The press release finishes by stating that the government is transparent and is responsible for ending traditional practices of corruption in Colombia.
What Cuello Baute said
But Cuello Baute’s move has opened the gate to a new discussion and it is, of course, a political game on the eve of a second presidential re-election. The former Superintendent of Notaries and Registration, a position with a strong political influence in Colombian public life, allegedly told the Supreme Court of Justice that some public notaries were given to former congressmen in exchange for their vote in favor of a constitutional change allowing Uribe to run for re-election as President in 2006. At least that is how it was publicized by the media and even the Center of Investigation of Semana Magazine produced the ‘complete list.‘
Cuello Baute denied knowledge of this list of ex-parliamentarians that he supposedly presented to the Court and that were published by the national media, according to Caracol:
In his press release to the media, Cuello Baute said that on 24rd June 2009 he filed an impeachment before the Surpreme Court of Justice against two congressmen related to their withdrawal from the Superintendency of Public Notaries. He said also that those persons have a criminal proceeding against them.
Semana Magazine, for example, said that it has excerpts from Cuello’s complaint to the Court, but it does not say how it obtained the information or why Cuello is now denying it. The discussion, of course, is going to be long, especially in the context of the current debate for a second re-election of Uribe and the so called “Yidis-politics.”
The Ghost of Yidis-Politics
“Yidis-Politics” is the name given to the political scandal of April 2008 when former House of Representatives congresswoma Yidis Medina declared that she received ‘gifts’ from officials of the national government in exchange for voting in favor of the constitutional reform that allowed president Uribe to run for a second term in 2006. Her revelation opened investigations against officials. President Álvaro Uribe stated that the government persuades, but does not buy consciences or impose pressure, something similar to what is said in Cuello’s statements.
Early June, the Supreme Court sentenced Teodolindo Avendaño to eight years in prison for bribery. The Court proved that the former parliamentarian received a public notary that, according to Semana Magazine, he then sold. This notary was a ‘gift’ for his favorable vote on the re-election. Colleagues of Avendaño, Iván Díaz Mateus and Yidis Medina respectively received six years and 3.5 years in prison.
After the bribery sentencing of the three ex-parliamentarians, the president of the Supreme Court of Justice, Augusto Ibáñez, told the media that the Court was considering investigating at least 33 more congressmen for the same thing. However the Procurator closed the case concluding that they were innocent of bribery, a move that creates doubts as to the motivations of the Procurator if new bribery accusations are proved to be true.

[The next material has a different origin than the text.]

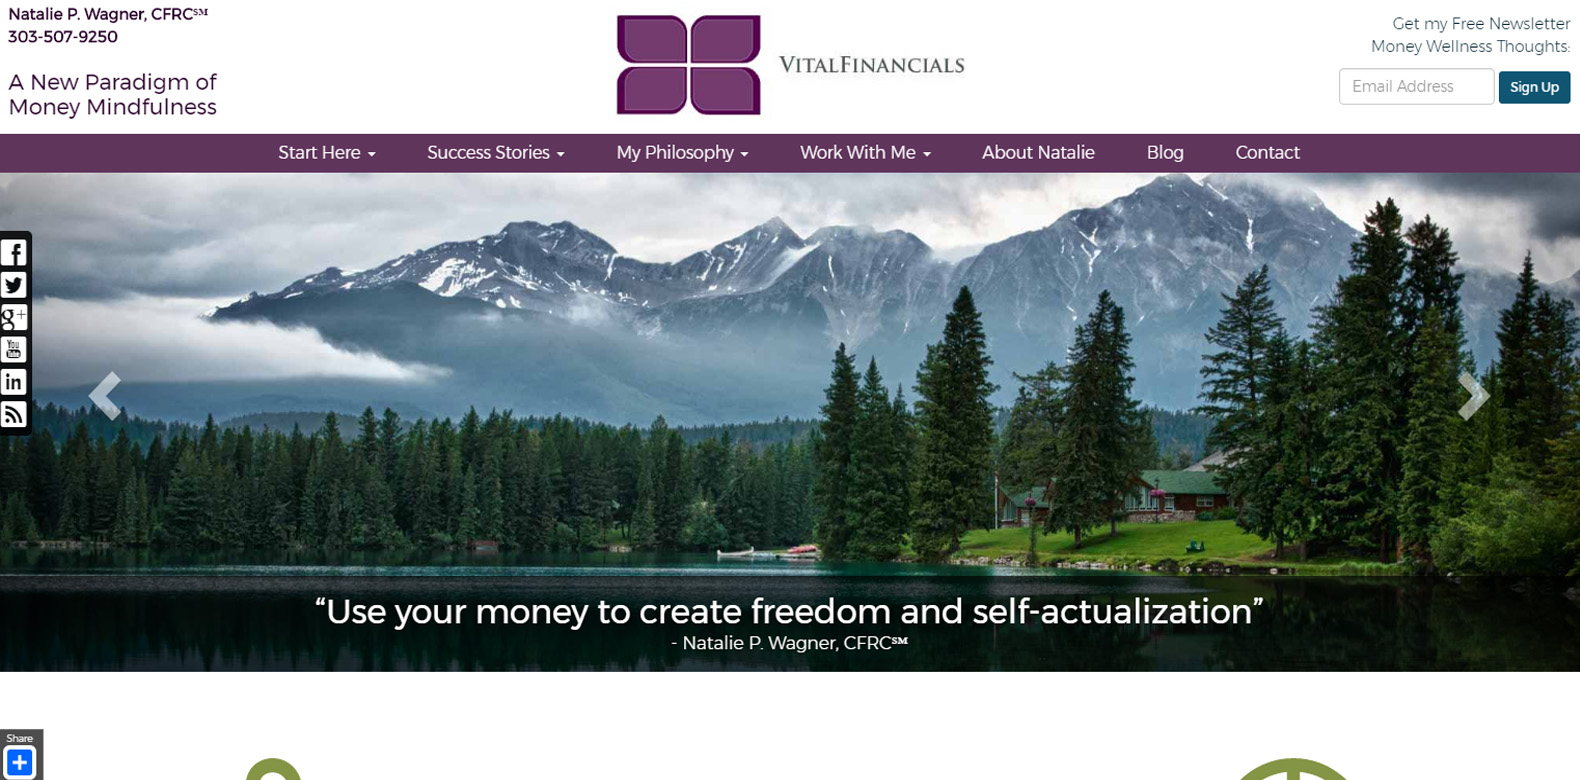 
New Website Launch: Vital Financials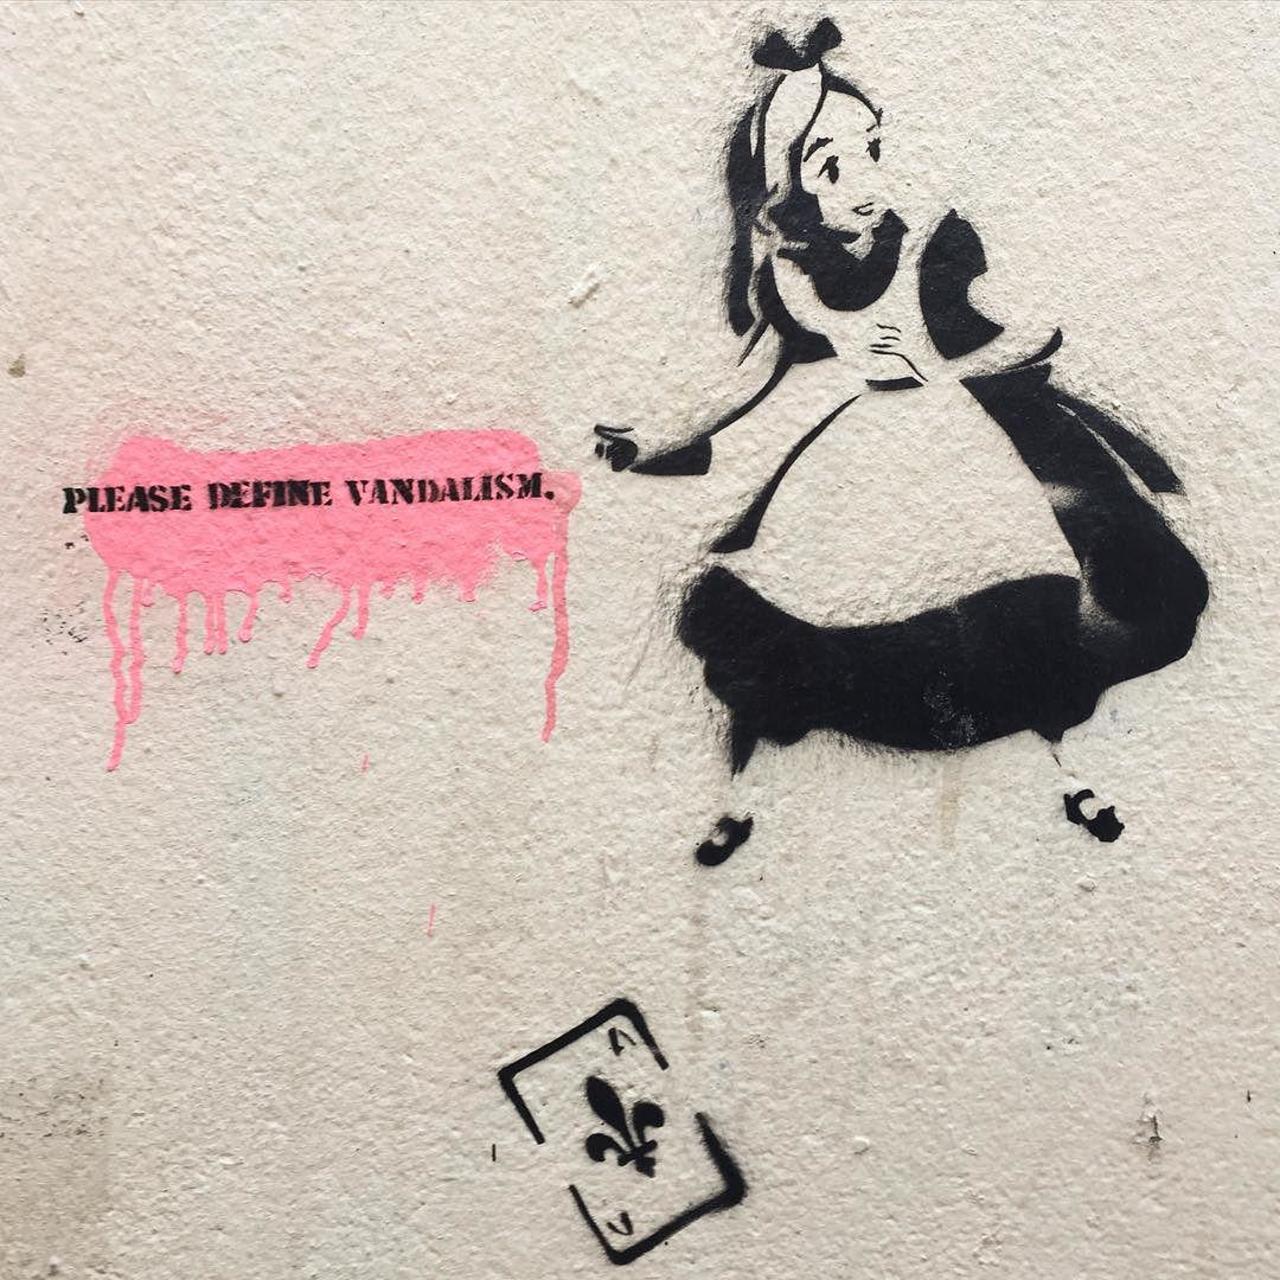 #Paris #graffiti photo by @catscoffeecreativity http://ift.tt/1GgQMHN #StreetArt http://t.co/si2SbwyLVw

Following the press releases from both the government and Cuello Baute, we are waiting to hear what was said in the Supreme Court.
Cuello Baute
But the former superintendent of public notaries of Colombia hardly has a clean slate himself. In April 2008 a judge of the 34th Criminal Circuit of Bogotá sentenced him to 8 years in prison on corruption charges, especially for pressures he did to some notaries in the Caribbean region. According to investigations by El Espectador at that time, Cuello was also being investigated for bribery. One of the cases exposed by the newspaper was the declaration of the coordinator of notaries’ activities, Milton Amell Contreras, who said that Cuello asked the notary of Montelibano, Andrés Benítez Martínes, to bring him ten head of cattle to his hacienda on 22 December 2005.